*Data extracted from a collection:*
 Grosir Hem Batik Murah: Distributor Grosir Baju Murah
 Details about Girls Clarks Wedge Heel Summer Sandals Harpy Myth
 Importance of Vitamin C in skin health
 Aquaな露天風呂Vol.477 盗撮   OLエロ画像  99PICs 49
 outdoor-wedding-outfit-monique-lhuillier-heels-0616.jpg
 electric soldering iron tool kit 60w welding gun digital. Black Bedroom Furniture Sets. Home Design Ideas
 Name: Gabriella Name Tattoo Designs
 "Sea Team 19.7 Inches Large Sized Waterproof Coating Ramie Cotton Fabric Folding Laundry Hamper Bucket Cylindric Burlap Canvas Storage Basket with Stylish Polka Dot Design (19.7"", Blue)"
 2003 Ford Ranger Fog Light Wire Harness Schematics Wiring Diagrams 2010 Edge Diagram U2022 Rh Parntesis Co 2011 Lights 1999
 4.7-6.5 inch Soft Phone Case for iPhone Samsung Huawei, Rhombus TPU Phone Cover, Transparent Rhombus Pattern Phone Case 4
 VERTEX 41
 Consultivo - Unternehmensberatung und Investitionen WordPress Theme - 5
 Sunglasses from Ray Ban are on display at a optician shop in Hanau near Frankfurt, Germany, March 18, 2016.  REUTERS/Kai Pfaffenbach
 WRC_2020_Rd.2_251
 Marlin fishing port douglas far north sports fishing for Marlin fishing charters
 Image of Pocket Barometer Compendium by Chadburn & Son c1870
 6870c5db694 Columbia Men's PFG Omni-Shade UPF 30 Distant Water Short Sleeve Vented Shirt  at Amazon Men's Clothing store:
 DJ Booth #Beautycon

*About this task:* Look above and repeat, character for character, the lines from the first one to the line with "outdoor-wedding-outfit-monique-lhuillier-heels-0616.jpg", counting both.

*Response to the exercise:*
 Grosir Hem Batik Murah: Distributor Grosir Baju Murah
 Details about Girls Clarks Wedge Heel Summer Sandals Harpy Myth
 Importance of Vitamin C in skin health
 Aquaな露天風呂Vol.477 盗撮   OLエロ画像  99PICs 49
 outdoor-wedding-outfit-monique-lhuillier-heels-0616.jpg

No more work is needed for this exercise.